With a workplace’s 401 (k) program, any money you donate can equal a certain percentage of your salary.

Daniel Czulno, financial planner at Joule Financial and host of the DIY Money podcast, says correspondence is essential if available. “The calculations say it’s a 100% guaranteed return, and that’s the only place you can get it,” Czulno explains. “If you invest a dollar, they’ll give you a dollar equivalent, that’s pretty good. You can’t beat a 100% return.”

If it’s available to you, not taking advantage of that free money is a costly mistake.

2. Chase trendy investments instead of sticking to proven methods

Czulno says one of the costly mistakes he’s seen often is trying to keep up with investment trends.

“Especially this year we’re seeing a lot of people trying to figure out ‘How do I put bitcoin in my IRA?’ or that next meme stock, “he said.” But the math shows that over time, you can’t beat simple, low cost index investing. ”

Index funds collect a variety of stocks and bonds in each stock and generally have low fees. They are favorites of financial planners and even investment experts like Warren Buffett.

As an easy way to invest with lower fees than other stocks, index funds fight the complications and volatility of fashionable investing every day.

3. Make early withdrawals from a retirement account

Taking money out of a retirement account can be damaging in a number of ways and can mean you will have a lot less money to retire.

Czulno says there are two reasons for this. First of all, “You are beaten with income tax and penalties and so on,” he says.

The second reason is that you cannot always easily replace what you purchase due to the limits on account contributions. “We see people taking money out and not realizing that they are working against their maximum annual contribution,” he says. “They can never really replace the value they lost there.”
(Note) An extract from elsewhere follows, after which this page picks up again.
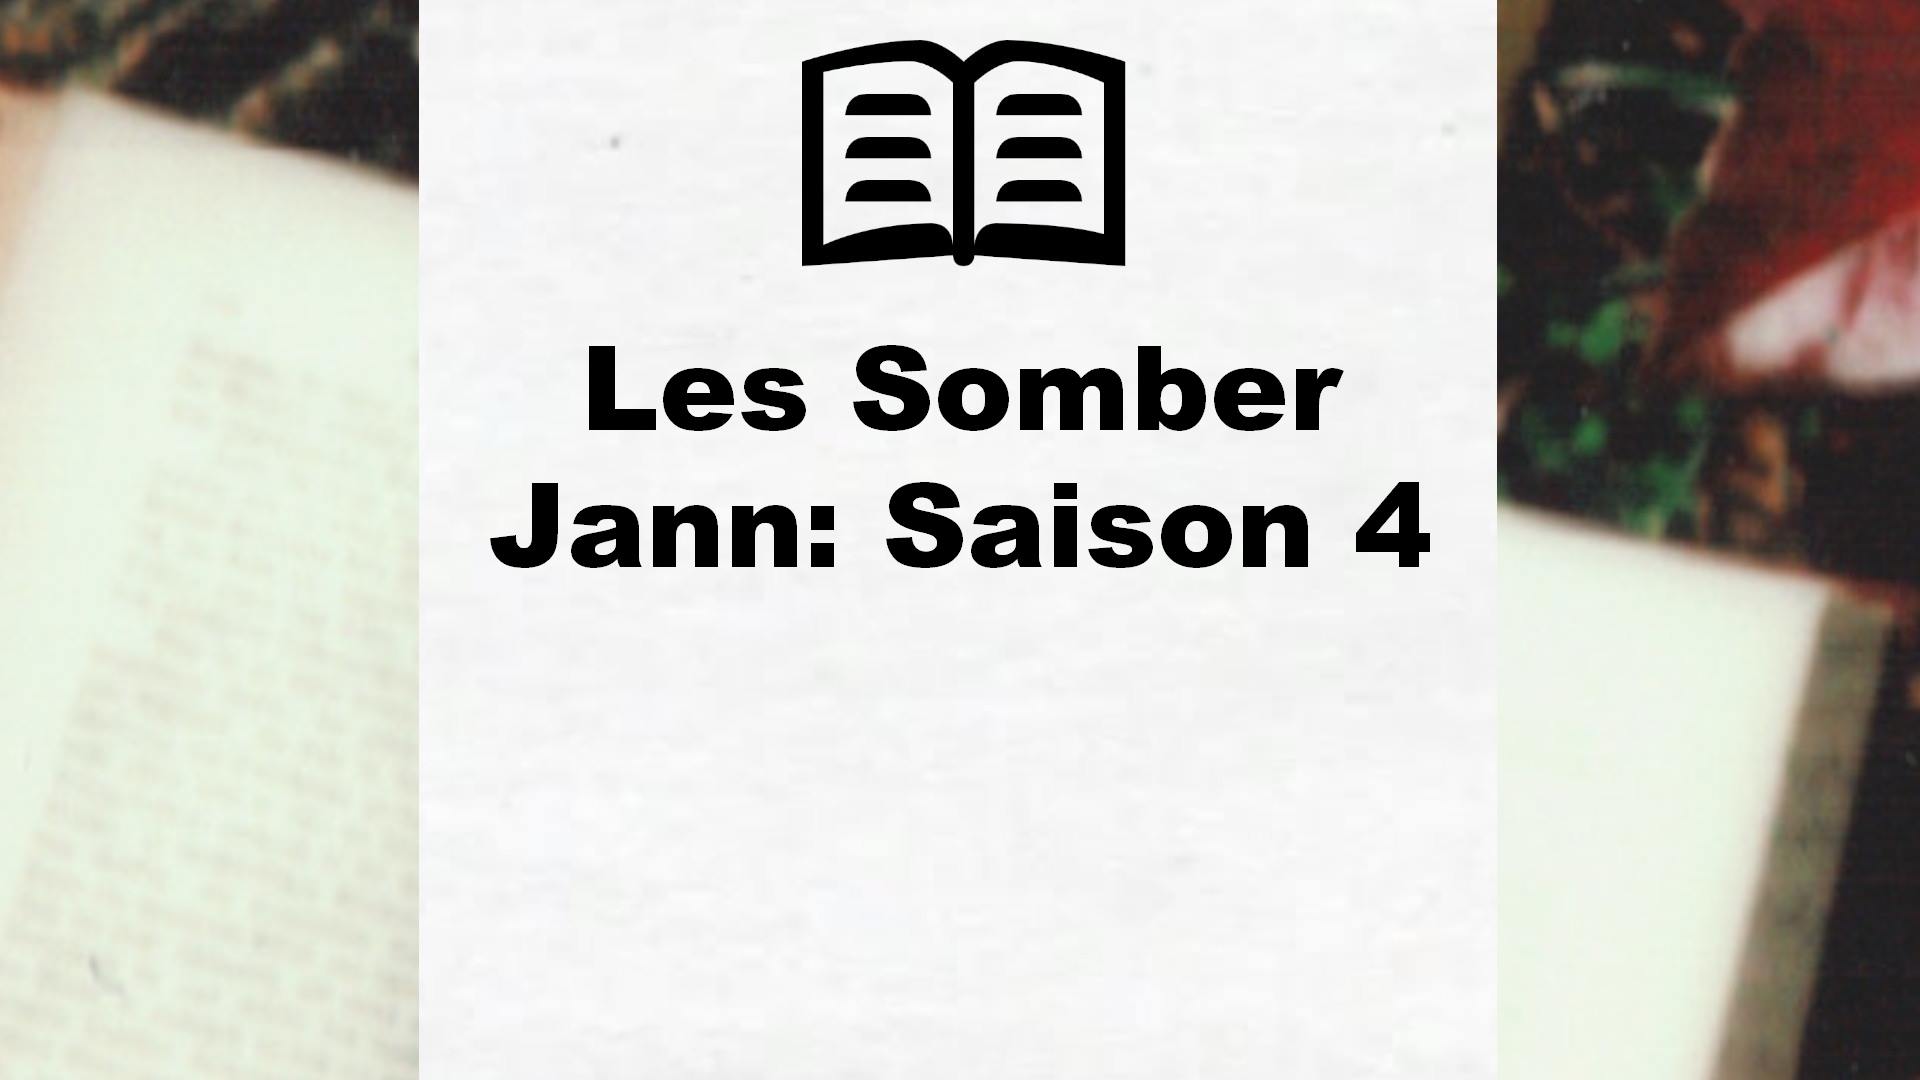 Les Somber Jann: Saison 4 – Critique

4. Forget 401 (k) s from previous jobs

Not riding your old 401 (k) for years might sound harmless, but it’s far from the truth.

Leaving an account in place for years means it might not be invested properly. “We see a lot of people getting ready to retire and not realizing that their 401 (k) from an employer from two decades ago is still being aggressively invested and approaching retirement.” , he said.

Typically, planners recommend investing less aggressively as you get older to minimize risk. “We find all these accounts and realize that [being] 100% invested in stocks has worked for them for a decade or two, but as retirement approaches it could be very costly. “

If your account is not renewed, it is much more difficult to manage this money and it could cost you dearly down the road. Fortunately, 401 (k) rollovers are pretty straightforward and involve a few steps to move all of your professional retirement accounts to another 401 (k) or IRA that you can manage.